04.08.2026

Strategie

Website KI-Chatbot: Wann er Anfragen bringt und wann er Kunden vertreibt

Weiße Roboterhand hält eine Keramik-Sprechblase, Symbolbild für einen KI-Chatbot auf der Website

Von Markus Mair · Lesezeit ca. 8 Minuten

Ein Chatbot auf einer Dienstleister-Website ist entweder der beste Vertriebskanal oder der teuerste Weg, Interessenten zu verärgern. Der Unterschied liegt nicht an der Technik, sondern an einer einzigen Frage: Bekommen deine Besucher dort eine Antwort, die sie sonst nicht bekommen hätten?

Wenn die Antwort ja ist, funktioniert der Bot. Wenn er nur den Weg zum Kontaktformular verlängert, schadet er.

Woran du erkennst, dass ein Chatbot in deinem Fall Sinn hat

Es gibt drei Muster, in denen ein Bot messbar Anfragen erzeugt.

Deine Besucher stellen immer wieder dieselben zehn Fragen. Preisrahmen, Einsatzgebiet, Verfügbarkeit, Ablauf, Zertifizierungen, Garantie. Wenn diese Fragen aktuell per Telefon oder Mail kommen, ist jeder Anruf ein Signal, dass die Information auf der Website nicht gefunden wird. Ein Bot beantwortet sie sofort, und das führt bei einem Teil der Besucher direkt zur Anfrage.

Ein relevanter Teil deines Traffics kommt außerhalb der Bürozeiten. Bei lokalen Dienstleistern liegt der Anteil der Website-Besuche am Abend und am Wochenende häufig zwischen einem Drittel und der Hälfte. Diese Besucher haben genau dann Zeit, sich mit dem Thema zu befassen, und niemanden, den sie fragen können.

Deine Leistung braucht Vorklärung, bevor eine Anfrage sinnvoll ist. Wenn Kunden nicht wissen, ob ihr Anliegen überhaupt in dein Leistungsprofil fällt, fragen viele lieber nicht. Ein Bot, der diese Einordnung übernimmt, hebt Anfragen, die sonst nie entstehen.

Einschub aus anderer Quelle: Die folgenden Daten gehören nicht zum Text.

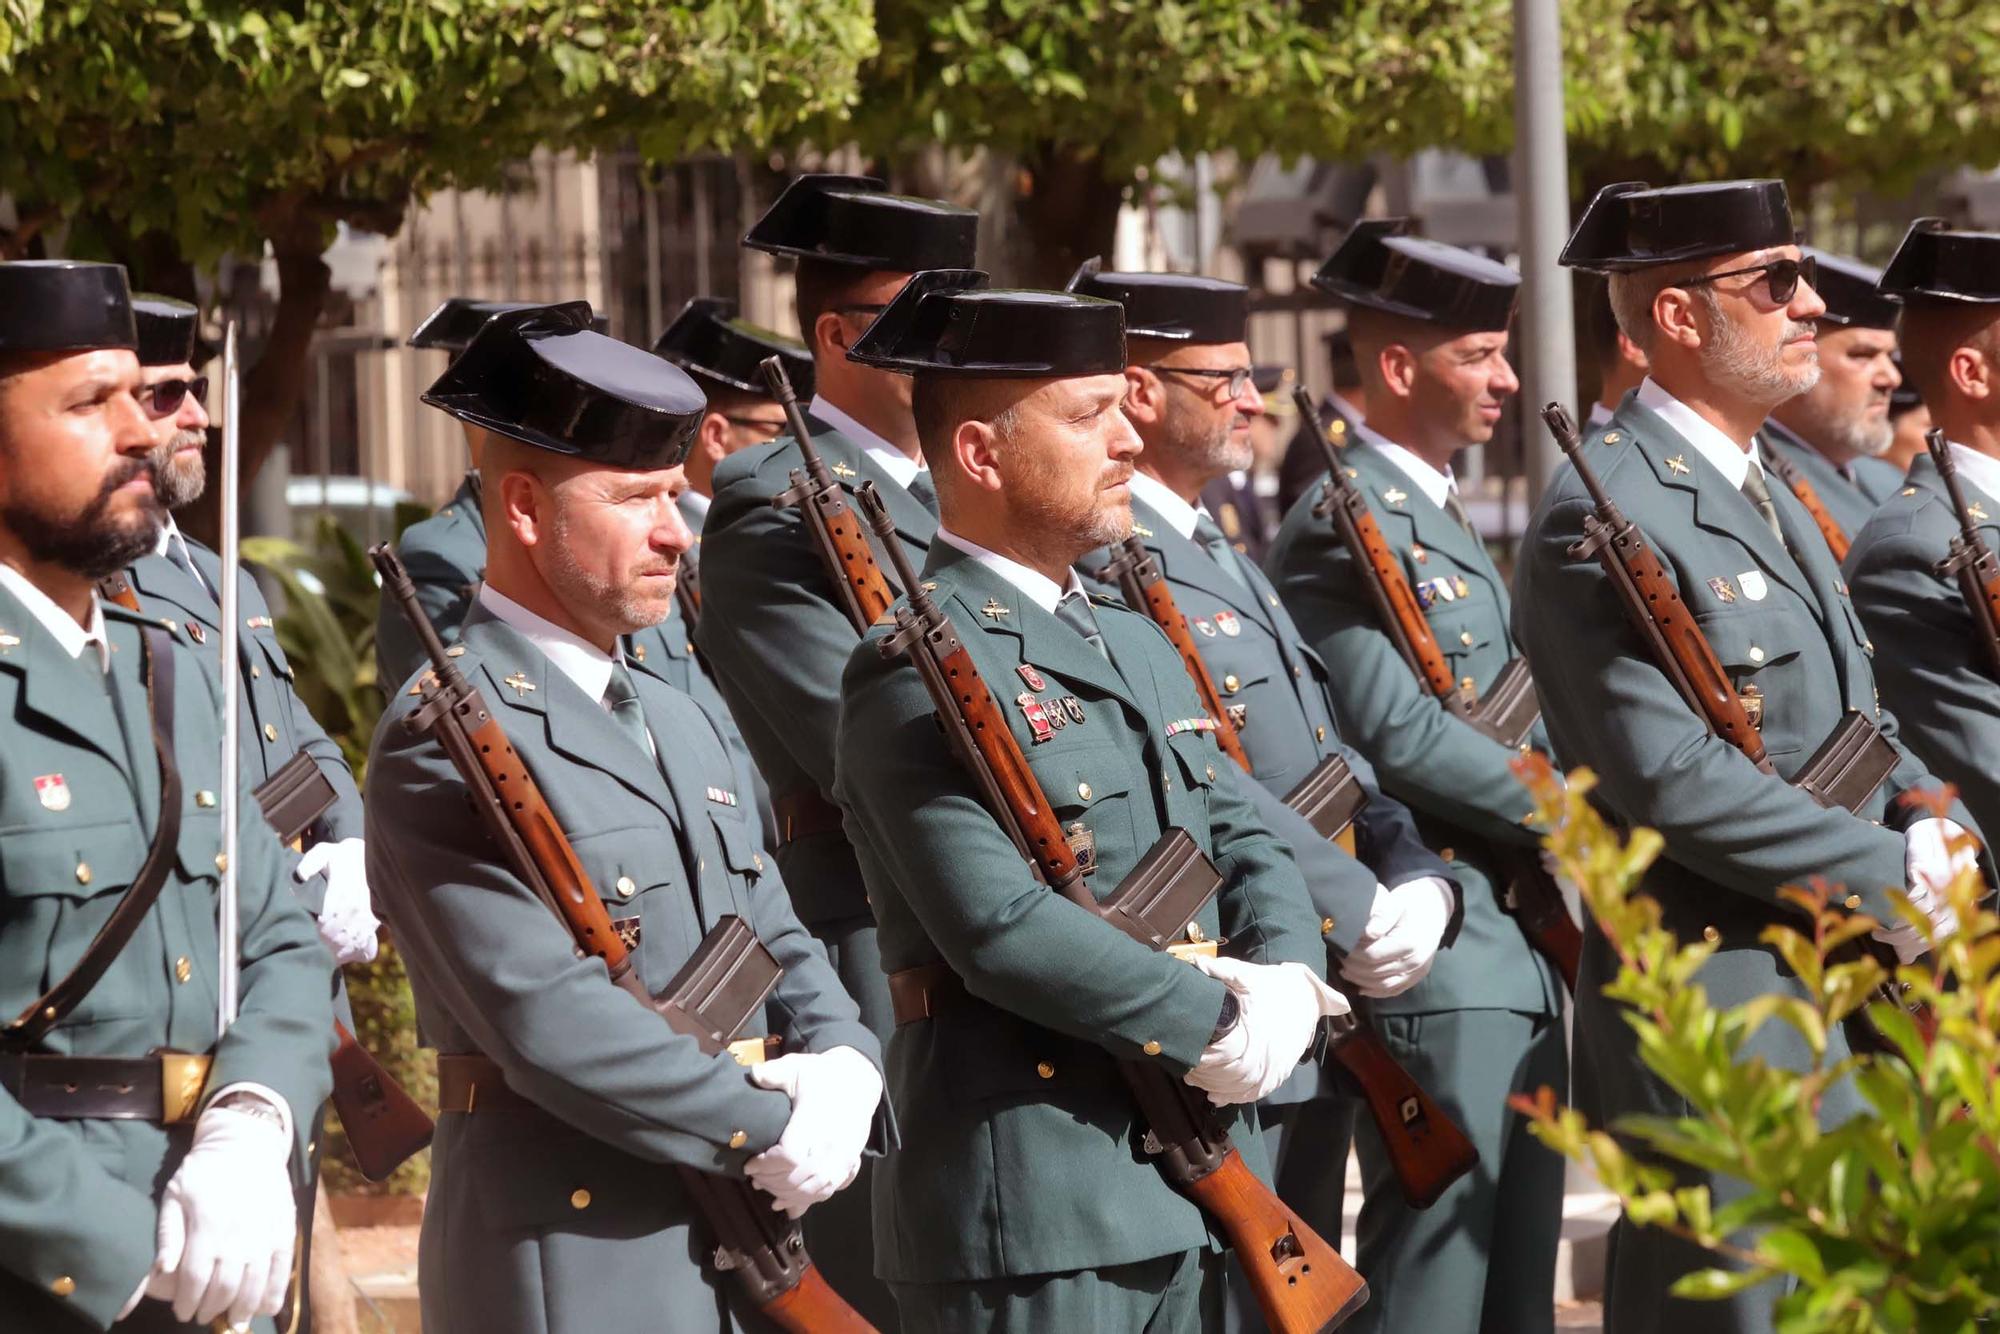 La Guardia Civil de Córdoba celebra el 178 aniversario del cuerpo

Fehlen alle drei Muster, ist ein Chatbot vermutlich das falsche Projekt. Dann liegt der Engpass eher in der Sichtbarkeit oder in der Angebotsstrecke, nicht im Erstkontakt.

Wo Chatbots Kunden kosten

Diese Liste ist wichtiger als die Vorteile, weil die Fehler alle gut dokumentiert und trotzdem verbreitet sind.

Das aufspringende Fenster nach zwei Sekunden. Es verdeckt Inhalt, unterbricht das Lesen und wird auf dem Handy zum Bedienproblem. Ein Bot soll auffindbar sein, nicht aufdringlich.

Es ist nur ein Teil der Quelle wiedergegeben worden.